Société d'ethnologie française

La SEF



Colloques et journées d'étude
La vie au grand air
Aventures du corps et évasions vers la Nature
Journées d'étude S.E.F. Musée National des Arts et Traditions populaires
11 et 12 mars 1999


responsabilité scientifique : Olivier Sirost


argumentaire :
LA VIE AU GRAND AIR
Aventures du corps et évasions vers la Nature

1- Vivre au Grand Air, de la circulation de l'Homme
La thématique de la vie au Grand Air renvoie à la circulation des valeurs, du sens et de l'affect. Cette errance de ce qui constitue l'homme et la société se manifeste de manière notable dès les années 1850. Face à l'affirmation des valeurs bourgeoises, du sens du travail et des affections de la ville s'érigent de multiples contre cultures qui renouent avec les débridements du corps et le retour à la Nature. Un regard global permet d'opposer monde domestique et monde sauvage. De manière plus particulière, une vision locale vient instaurer un tiers entre le rural et l'urbain. Ces trajets incessants entre l'universel et le particulier sont révélateurs de la triple circulation caractéristique de l'homme du plein air.
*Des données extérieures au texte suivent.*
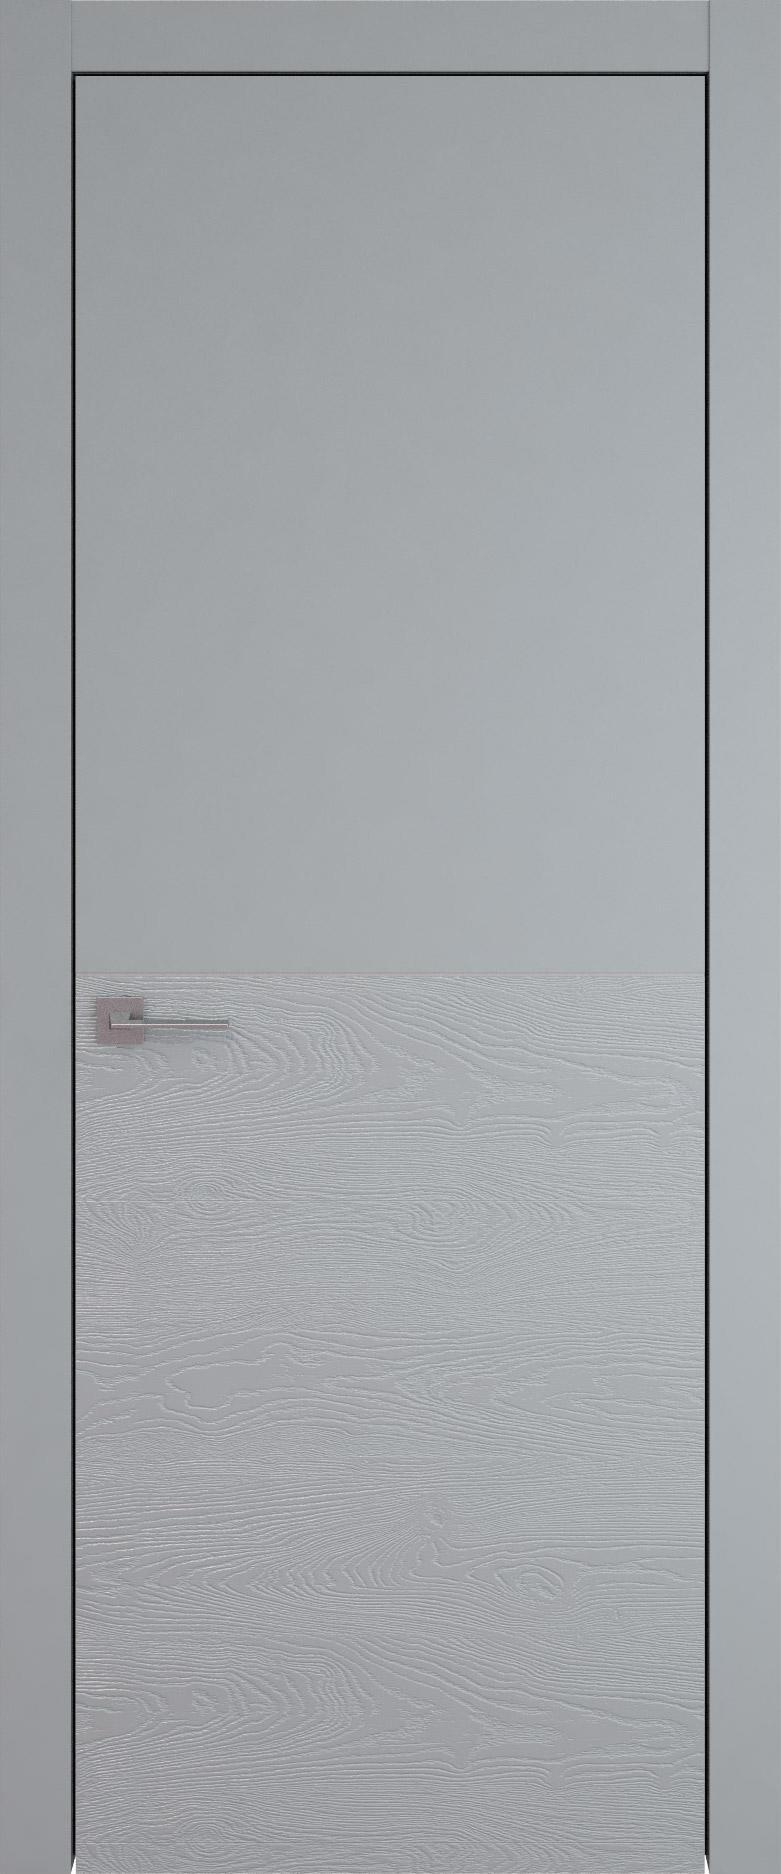 Tivoli Б-2 цвет - Серебристо-серая эмаль-эмаль по шпону (RAL 7045) Без стекла (ДГ)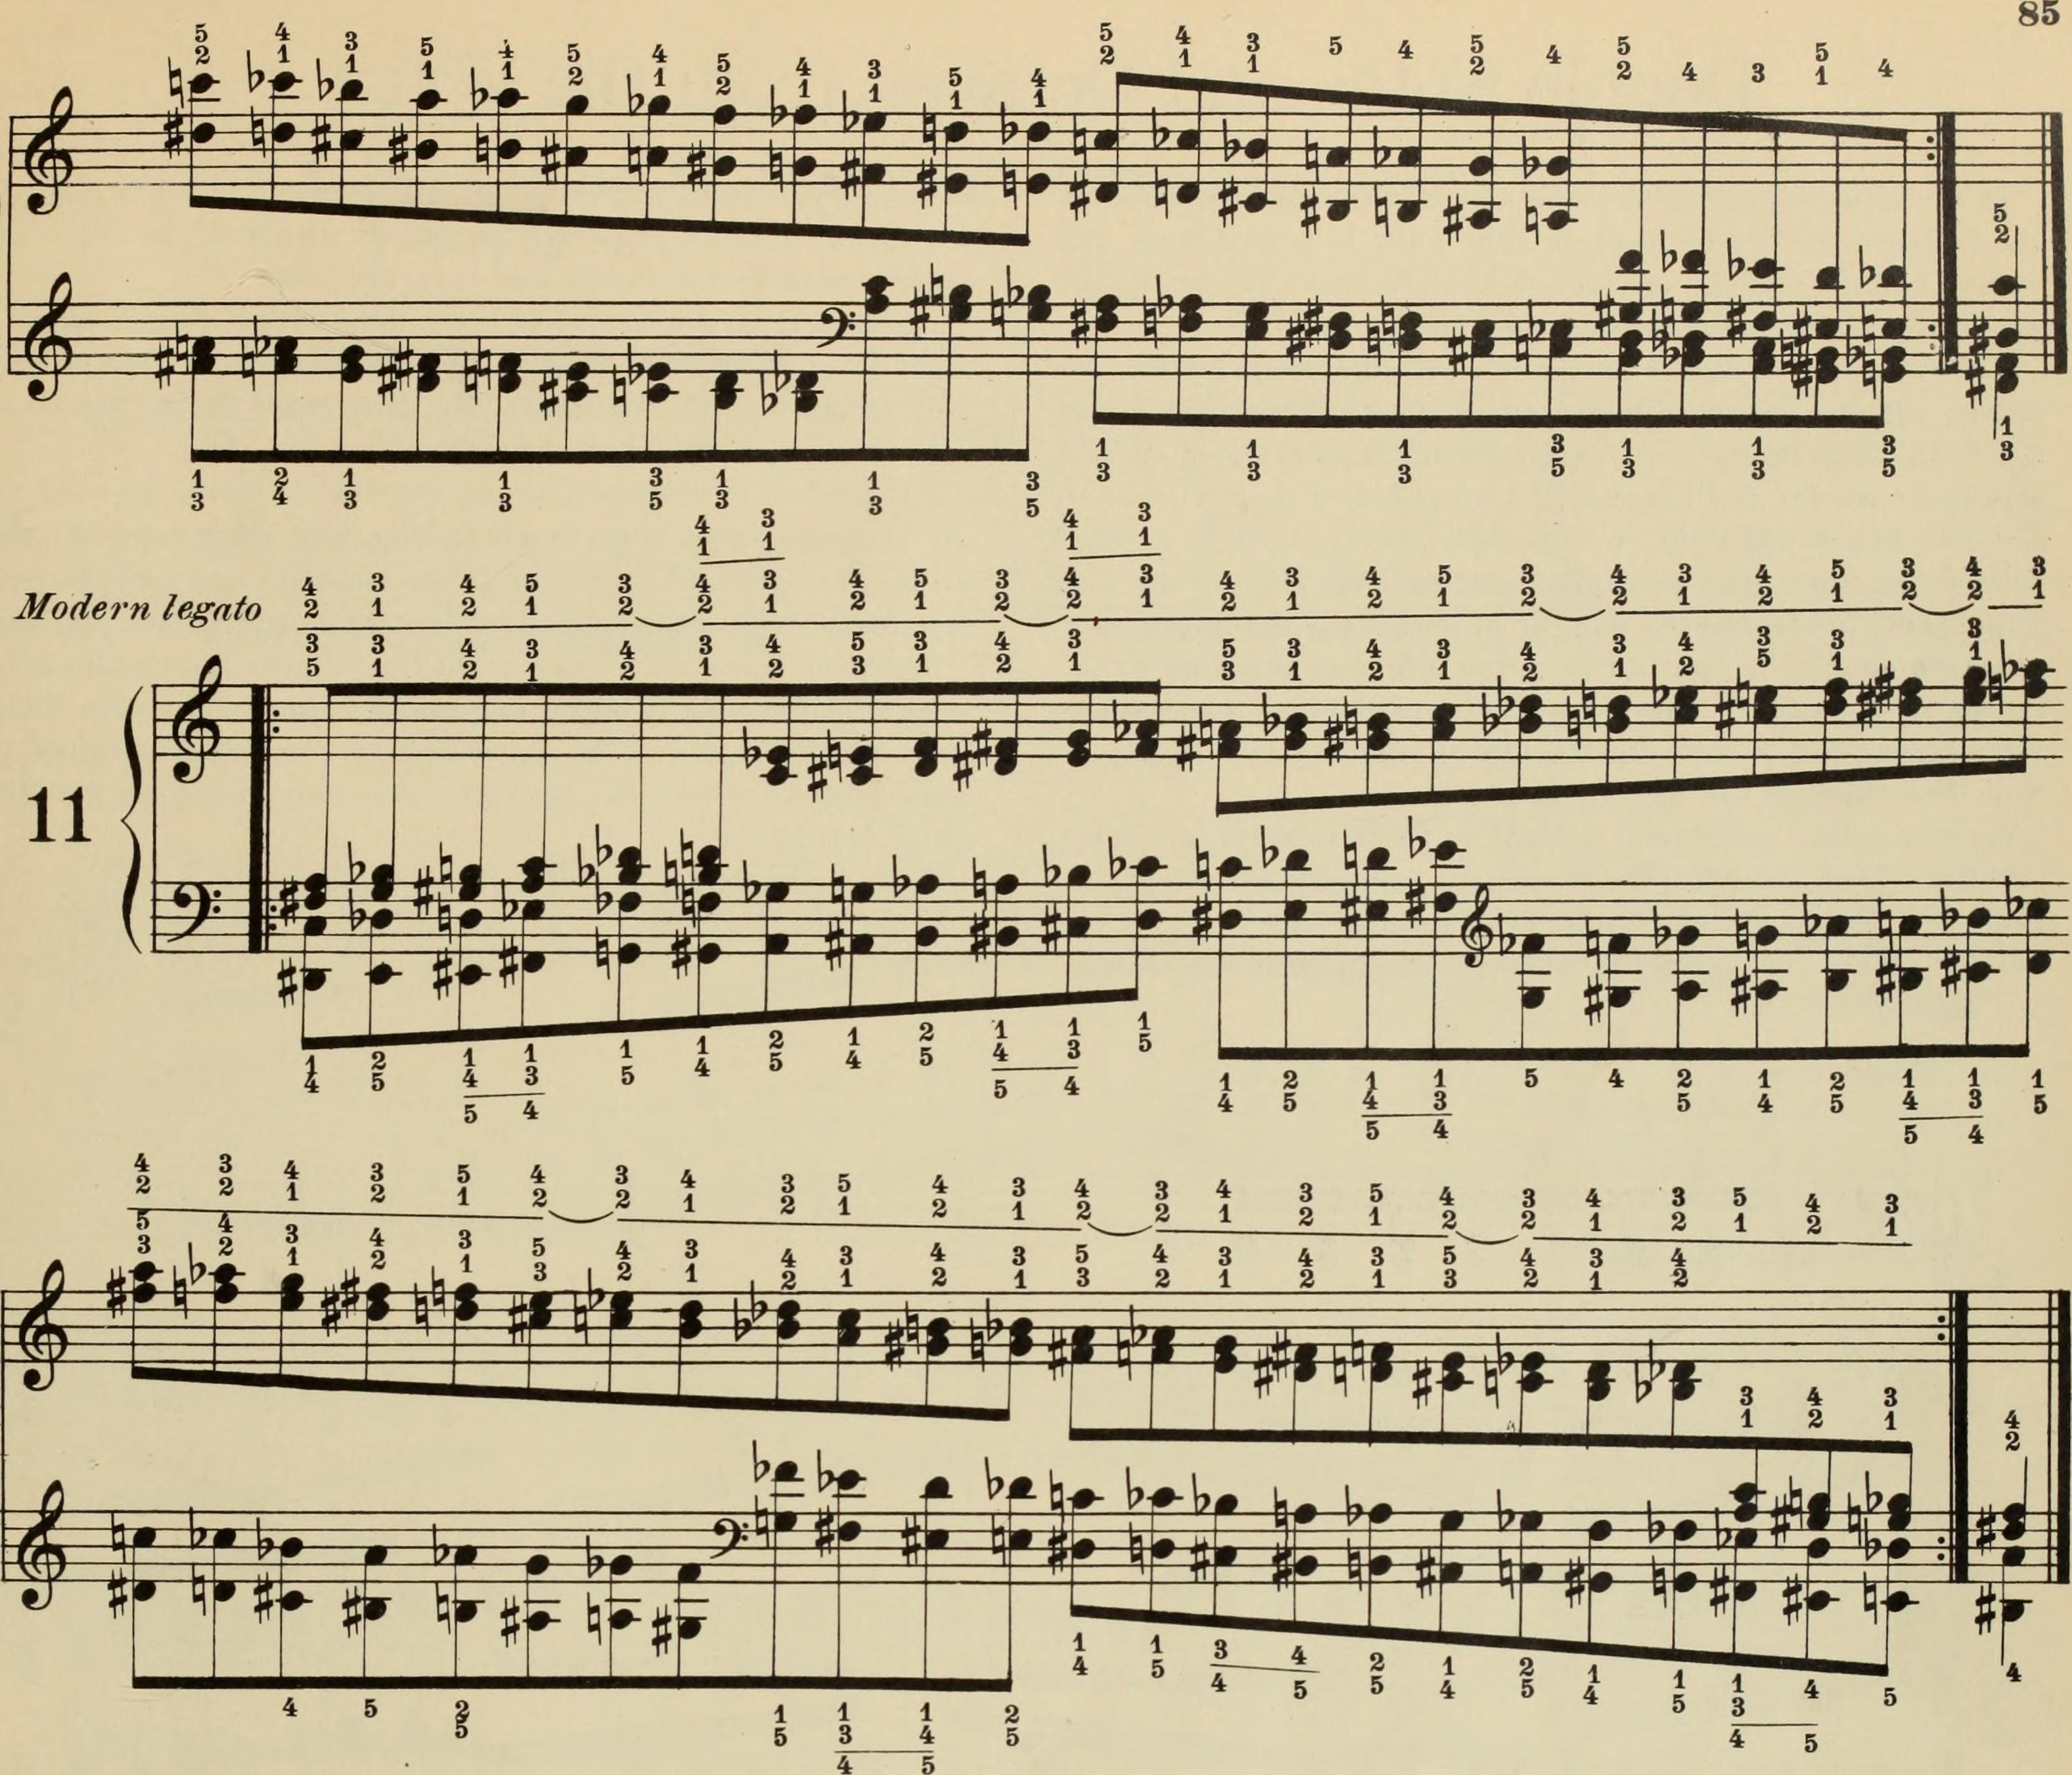 File:Complete school of technic for the pianoforte

D'autre part, on assiste à un pivotement du sacré à travers la construction sociale de la Nature et des formes de corps qui s'y rattachent. Le Tour renvoie étymologiquement à ce mouvement rotatif permettant de lier les univers contraires. Du sens intime au sens commun (notamment dans les usages du corps), de la valorisation de l'infini à celle du maîtrisé (surtout dans l'exploitation de la nature) ou encore des affections du normal à celles du pathologique (manifesté dans les montées hédonistes des relations corps/nature) se dresse une sous-culture en marge de la société. Ces différentes manifestations drainent une sacralité nouvelle qui ne peut qu'affecter à son tour la société existante, en l'entraînant à vivre de manière intensive le moment présent.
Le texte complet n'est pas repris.